Mais comment s’en tenir au Brésil ? Edith Sizoo, la coordinatrice de l’Alliance en charge de la charte fut si impressionnée qu’elle demanda aux délégués : « Pourquoi ne pas inviter vos collègues du monde entier à participer à cette réflexion ? » D’où l’idée d’une Assemblée mondiale des jeunes, conçue selon les mêmes modalités. La Fondation Charles Léopold Mayer, impliquée dès l’origine dans le développement de l’Alliance, fut séduite par cette audace : si les enfants d’aujourd’hui n’apprennent pas à dialoguer et à assumer ensemble leurs responsabilités vis-à-vis de la planète, comment pourraient-ils échapper à la schizophrénie galopante de la génération des adultes, empêtrés dans leurs contradictions, enfermés dans leurs logiques nationales et leurs intérêts à court terme, impuissants à réorienter une aventure humaine malgré la certitude d’aller vers la catastrophe ? Force est de le constater : les droits des générations futures sont objet de discours et non, comme ils le devraient, sources de droit universel. Au train où vont les choses, nos enfants et petits-enfants auront à subir les conséquences de notre propre irresponsabilité.
De 2005 à 2010, cette idée d’une Assemblée mondiale des jeunes a fait naître des dynamiques nouvelles ou fédéré des initiatives préexistantes. En juin 2010, la première conférence mondiale des jeunes réunissait à Brasilia cinquante délégations nationales, de tous les continents. Dix jours de rencontre. La même méthodologie, respectueuse de l’autonomie des enfants et adolescents. Les adultes accompagnateurs exclus des ateliers de travail des jeunes, animés par des facilitateurs de 20 ans. Témoin de cette assemblée, j’ai été conquis par l’incroyable mélange de sérieux et de musique, d’engagement et de rire, propre à cet âge. Seuls, peut-être, les jamborees des années 1930 du mouvement scout alors à son apogée ou, dans un autre registre, les Journées mondiales de la jeunesse de l’Église catholique, ont approché ce sentiment physique d’une communauté universelle, unie par une commune conviction et une commune espérance. La gravité joyeuse, le sentiment de vivre un moment exceptionnel et d’avoir le devoir, toujours périlleux, de rendre compte à tous les autres, à ceux qui sont restés au pays, de ce qu’ils ont vécu, fût-il pour une part indicible. De cette assemblée est née la charte : « Prenons soin de la planète ».
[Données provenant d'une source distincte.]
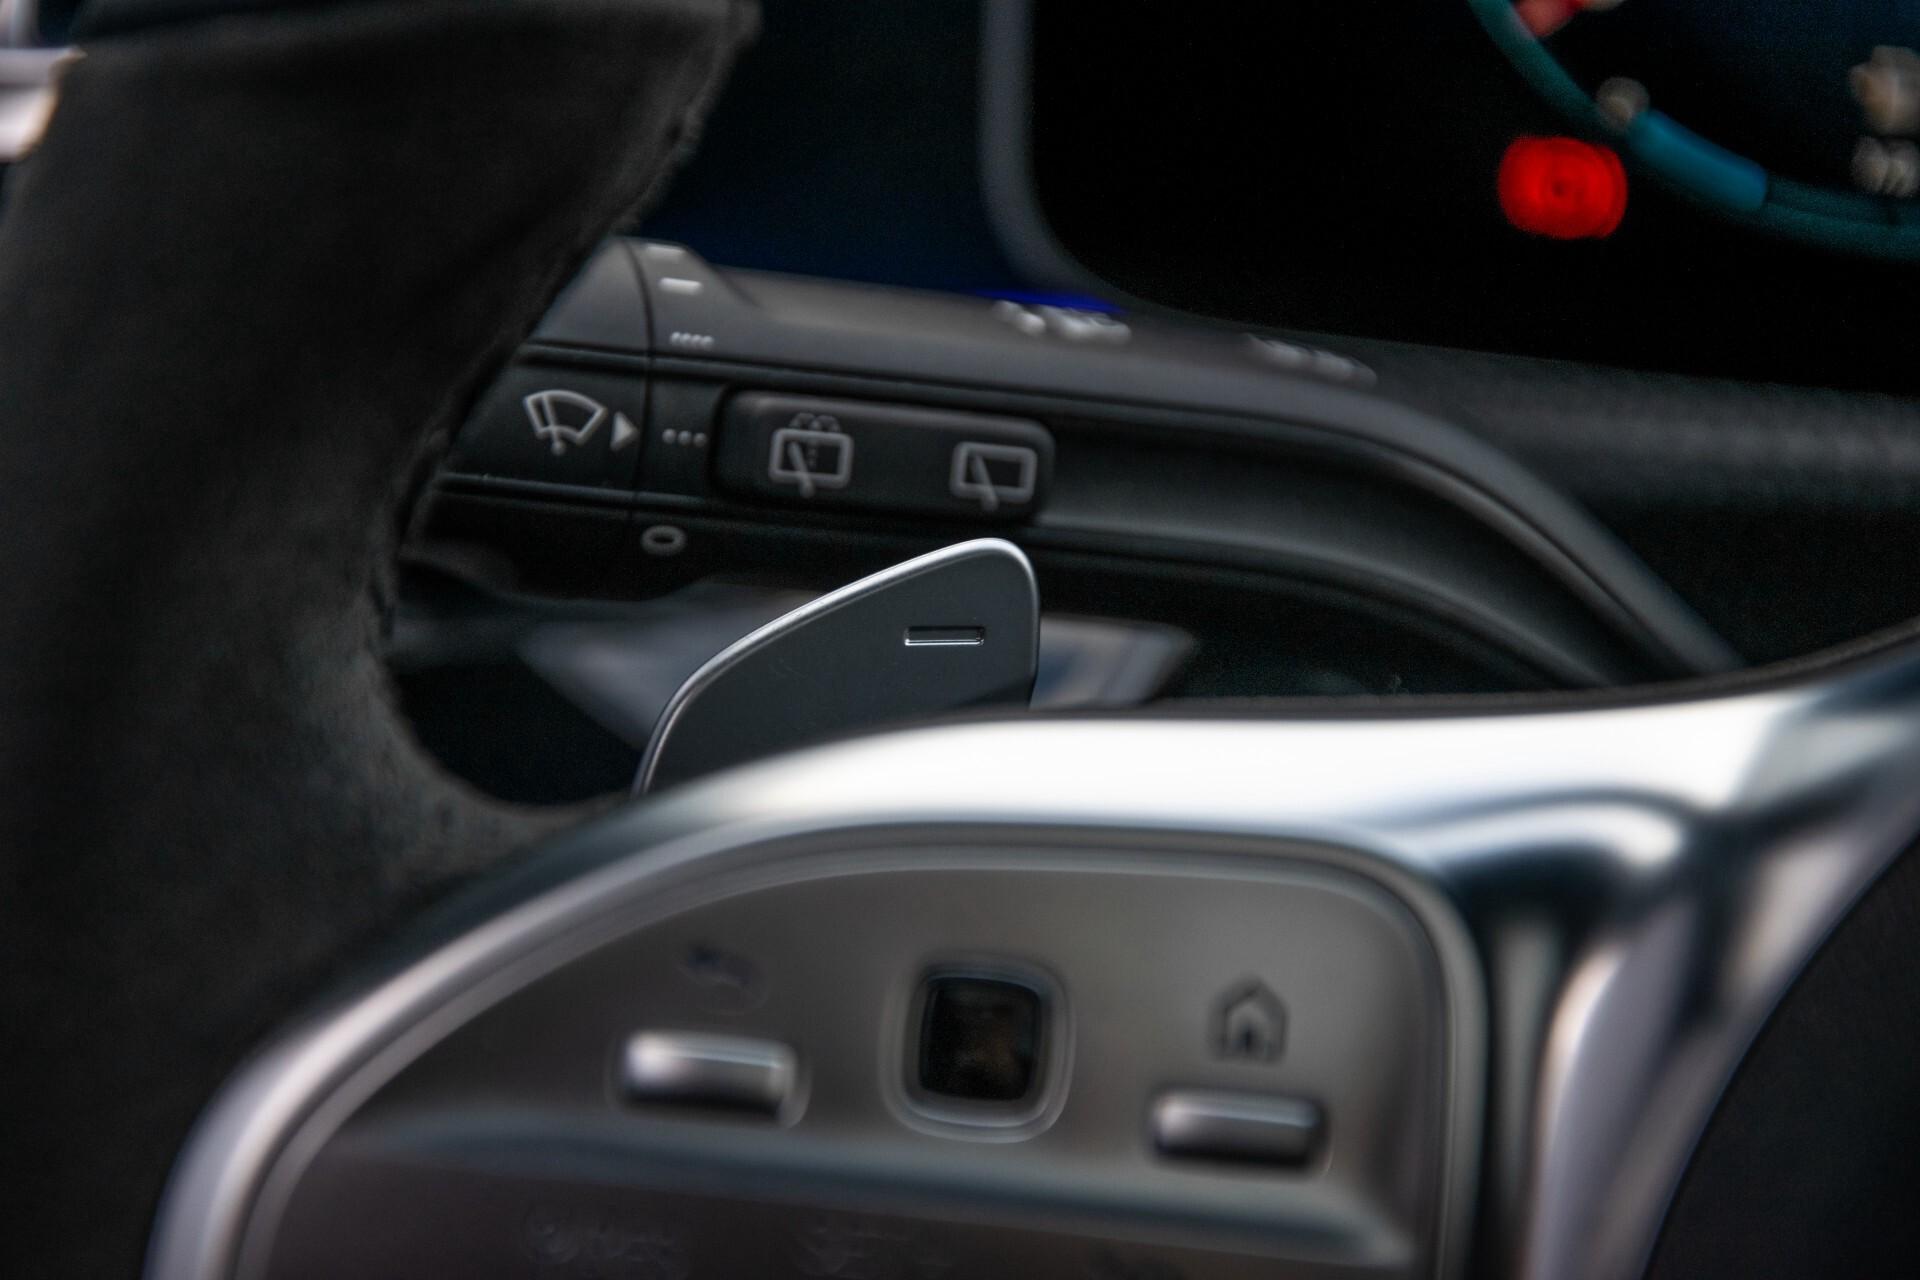 Mercedes-Benz A-Klasse 250 4-M AMG Panorama/Keyless-Entry/MBUX/HUD/Burmester/360/Multibeam LED Aut7 Foto 12

À son tour, comme un témoin qui se transmet, elle a donné naissance à des dynamiques continentales, comme celle qui a réuni à Bruxelles, en mai 2012, la conférence européenne des jeunes. Le temps n’est plus où les défenseurs des droits de l’homme pouvaient considérer que les faibles ne devaient que revendiquer des droits, la responsabilité étant réservée aux « puissants ». Les jeunes revendiquent le principe de responsabilité de chacun proportionnée à son savoir et son pouvoir. C’est la force de leur interpellation : nous sommes prêts, dès maintenant, disent-ils, à assumer nos responsabilités. Et vous ?
La Charte des responsabilités, extraits
« Nous, les jeunes du monde, vous invitons à partager nos responsabilités pour prendre soin de la Planète. Si on ne le fait pas maintenant, alors quand ? Si nous ne le faisons pas nous-mêmes, alors qui ? »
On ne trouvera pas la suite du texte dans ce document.